Taoiseach Leo Varadkar has ruled out an early general election before Christmas, saying it was not in the country's interests with so much uncertainty around Brexit.
Speaking to the media after today’s Cabinet meeting, Mr Varadkar said it could be a crucial time in the Brexit process and the UK general election could see changes to the political landscape in Westminster.
He said it was possible that the Brexit Party could hold the balance of power or other parties may want to reopen UK Prime Minister Boris Johnson's Withdrawal Agreement.
Mr Varadkar said: "We should not have a general election until we have some certainty around what is happening with Brexit and we don’t have that yet.
"Very often in Ireland elections are indecisive. It can take weeks or months to form a new government.
"I don't think it would be in the country’s interests for us to be trying to put together a government or to have a caretaker government during which would be a crucial, and potentially dangerous, time for Ireland."

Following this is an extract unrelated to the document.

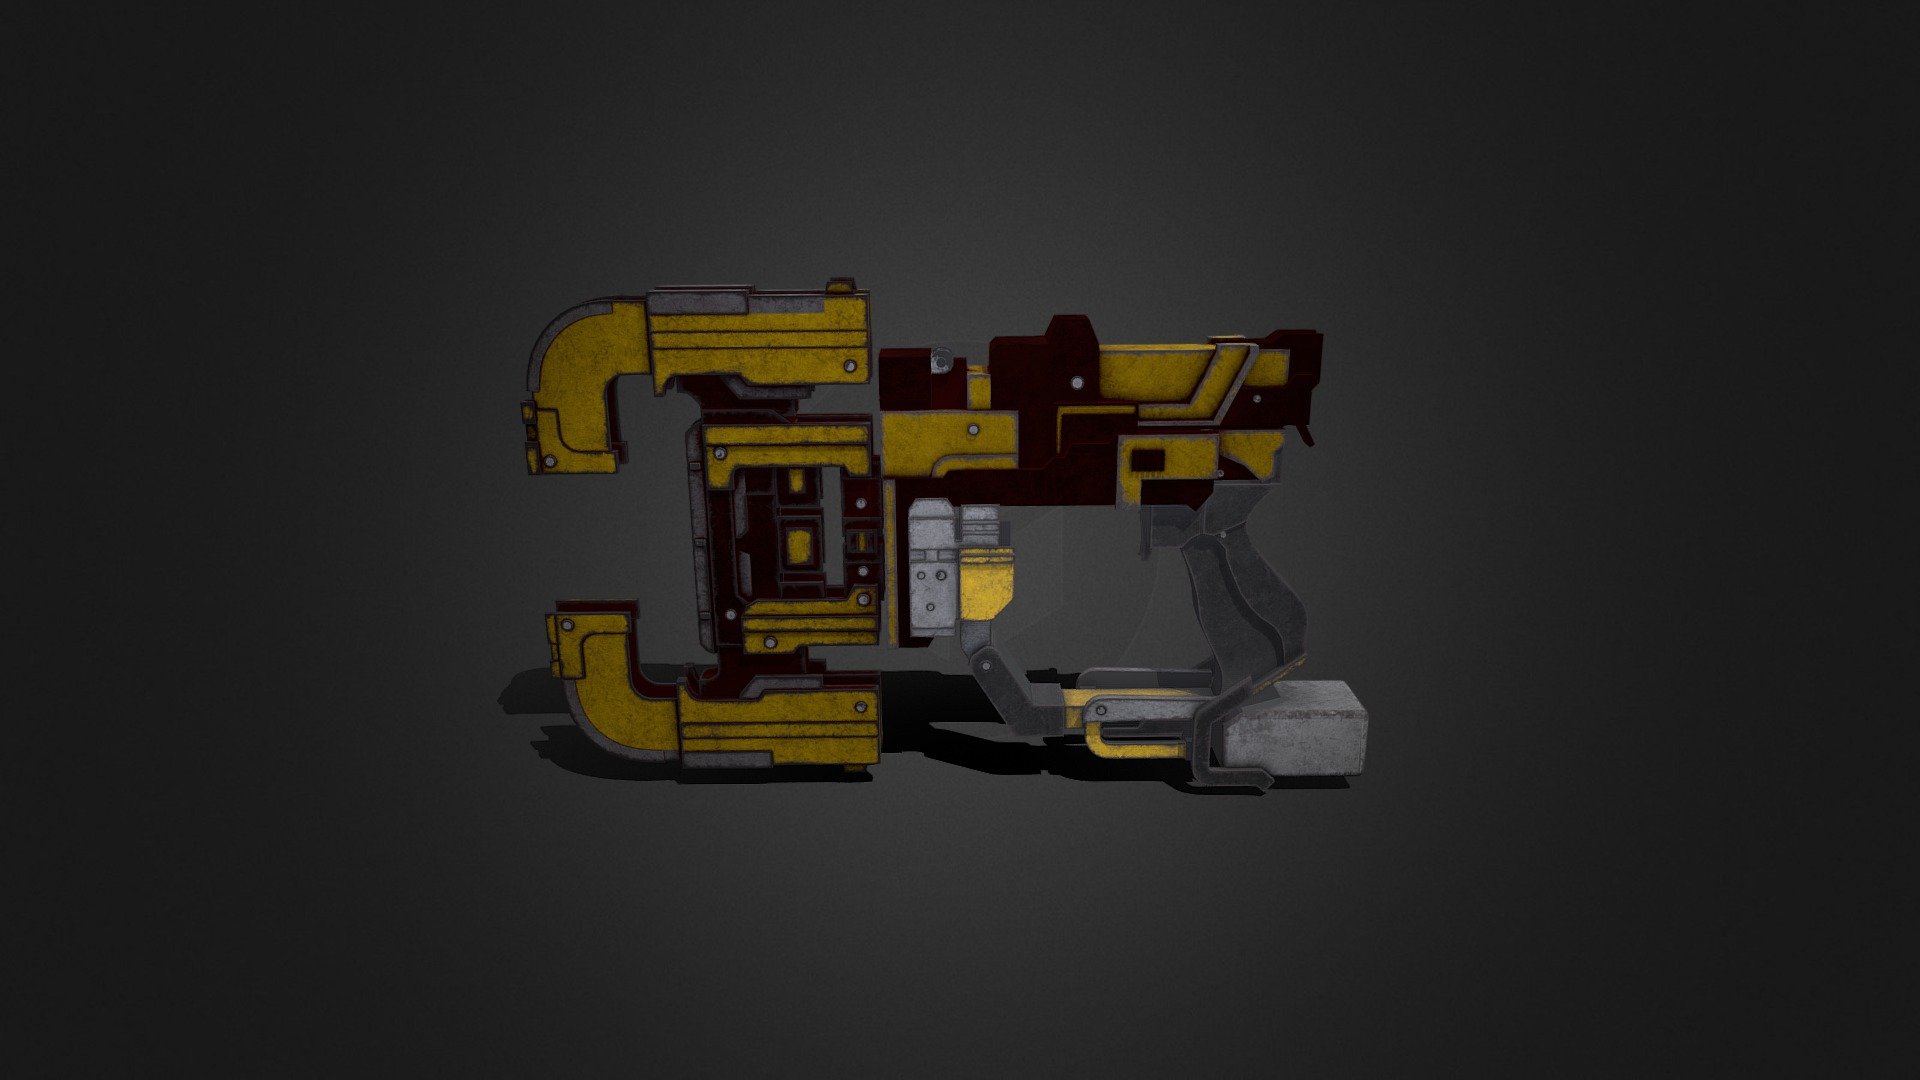 The legendary plasma cutter from the Dead Space game series - plazma cutter - 3D model by frizza01 3d model

He added that he hoped that whoever was in power in Westminster that they would be in a position to ratify the Withdrawal Agreement.
Mr Varadkar joked that although he was going to Áras an Uachtaráin on Monday, he would not be seeking the dissolution of the Dáil.
Last month, Mr Varadkar told a Fine Gael parliamentary party meeting in Cork that May 2020 was the "right moment" for a general election because the Government would have either secured a Brexit deal or have "guided the country through the worst of no-deal".
Minister for Transport Shane Ross said he was "absolutely convinced" that there would not be an election this year and he was "extremely happy" that was the case.
Mr Ross said: "I think the situation with Brexit hasn't worked its way out yet. And I think it would be right for us to continue to provide stable government in a very difficult situation.
"I think the Government has a large amount of work to do at the moment."
Earlier, Fine Gael TD Dara Murphy said he believed the public would be quite happy if a general election was held next month.
Speaking on RTÉ's Today with Sean O'Rourke, the Cork North Central TD said there was a window of opportunity to take advantage of a pause in Brexit negotiations, as the UK heads to the polls in December.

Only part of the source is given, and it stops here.